DTU Chemistry, Technical University of Denmark, Building 206, Kgs. Lyngby 2800, Denmark.
J Chem Inf Model. 2022 Jul 25;62(14):3391-3400. doi: 10.1021/acs.jcim.2c00243. Epub 2022 Jul 3.
As only 35% of human proteins feature (often partial) PDB structures, the protein structure prediction tool AlphaFold2 (AF2) could have massive impact on human biology and medicine fields, making independent benchmarks of interest. We studied AF2's ability to describe the backbone solvent exposure as a functionally important and easily interpretable "natural coordinate" of protein conformation, using human proteins as test case. After screening for appropriate comparative sets, we matched 1818 human proteins predicted by AF2 against 7585 unique experimental PDBs, and after curation for sequence overlap, we assessed 1264 comparative pairs comprising 115 unique AF2 structures and 652 unique experimental structures. AF2 performed markedly worse for multimers, whereas ligands, cofactors, and experimental resolution were interestingly not very important for performance. AF2 performed excellently for monomer proteins. Challenges relating to specific groups of residues and multimers were analyzed. We identified larger deviations for lower-confidence scores (pLDDT), and exposed residues and polar residues (e.g., Asp, Glu, Asn) being less accurately described than hydrophobic residues. Proline conformations were the hardest to predict, probably due to a common location in dynamic solvent-accessible parts. In summary, using solvent exposure as a metric, we quantified the performance of AF2 for human proteins and provided estimates of the expected agreement as a function of ligand presence, multimer/monomer status, local residue solvent exposure, pLDDT, and amino acid type. Overall performance was found to be excellent.

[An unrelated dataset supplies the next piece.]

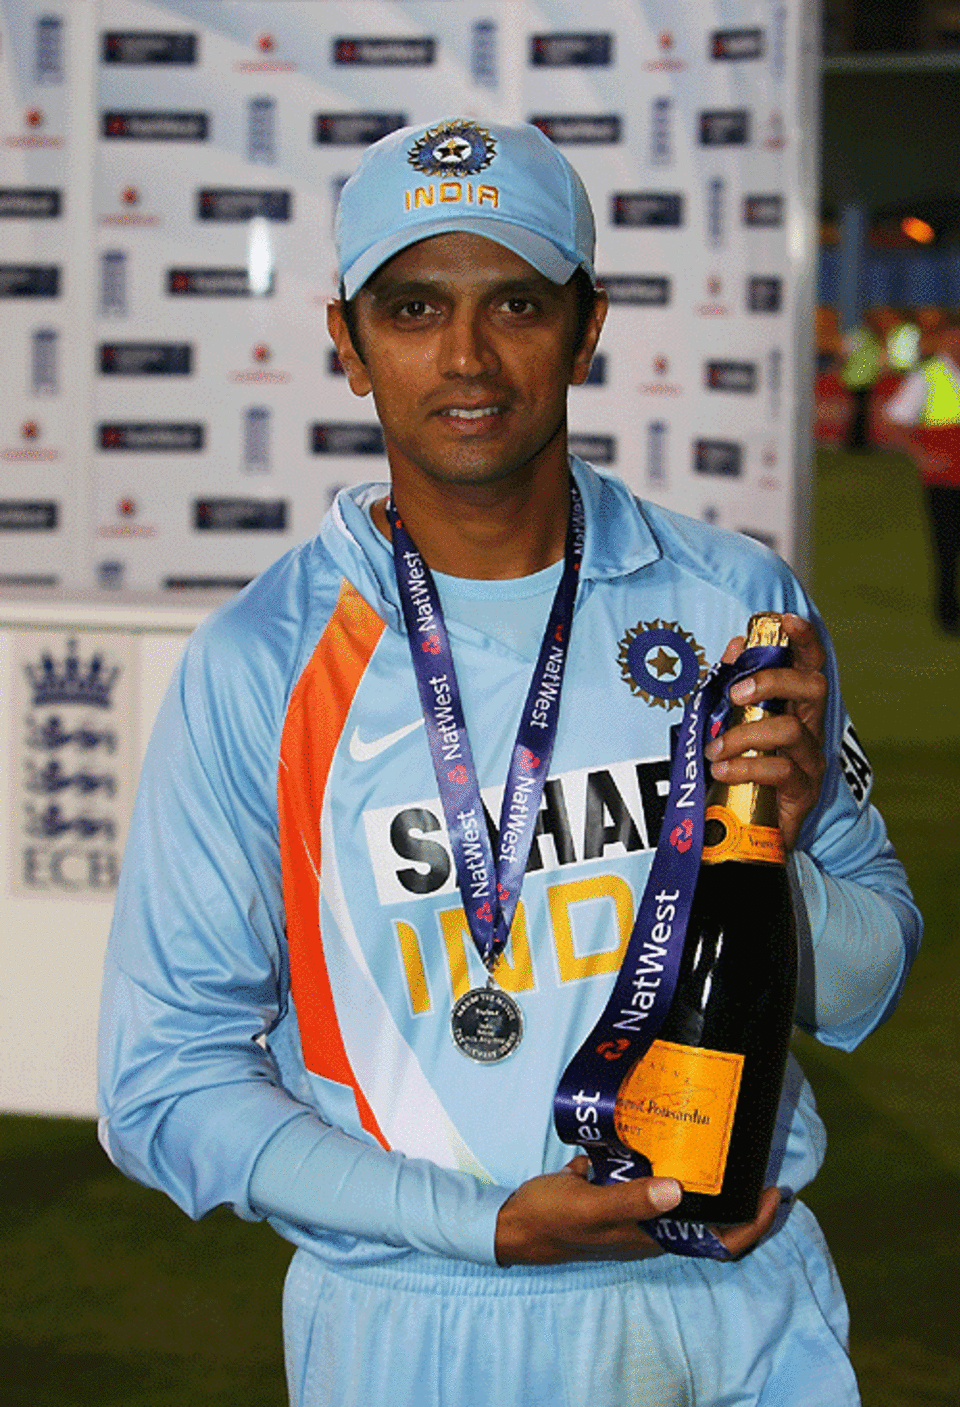 Rahul Dravid was named Man of the Match for his 63-ball 92, England v India, 2nd ODI, Bristol, August 24, 2007

由于只有 35%的人类蛋白质具有(通常是部分)PDB 结构,因此蛋白质结构预测工具 AlphaFold2(AF2)可能会对人类生物学和医学领域产生巨大影响,成为一个独立的基准。我们研究了 AF2 描述蛋白质构象的功能重要且易于解释的“自然坐标”——骨干溶剂暴露的能力,以人类蛋白质作为测试案例。在筛选出合适的比较集后,我们将由 AF2 预测的 1818 种人类蛋白质与 7585 个独特的实验 PDB 进行匹配,在进行序列重叠的校对后,我们评估了 1264 对比较对,其中包含 115 个独特的 AF2 结构和 652 个独特的实验结构。对于多聚体,AF2 的性能明显较差,而配体、辅因子和实验分辨率对于性能并不非常重要。对于单体蛋白质,AF2 的性能非常出色。我们分析了与特定残基组和多聚体相关的挑战。我们发现置信度得分较低(pLDDT)时会出现更大的偏差,并发现暴露的残基和极性残基(如 Asp、Glu、Asn)比疏水性残基描述得更不准确。脯氨酸构象最难预测,可能是因为它们位于动态溶剂可及部分的常见位置。总的来说,我们使用溶剂暴露作为指标,量化了 AF2 对人类蛋白质的性能,并提供了预期一致性的估计,作为配体存在、多聚体/单体状态、局部残基溶剂暴露、pLDDT 和氨基酸类型的函数。总体性能被认为非常出色。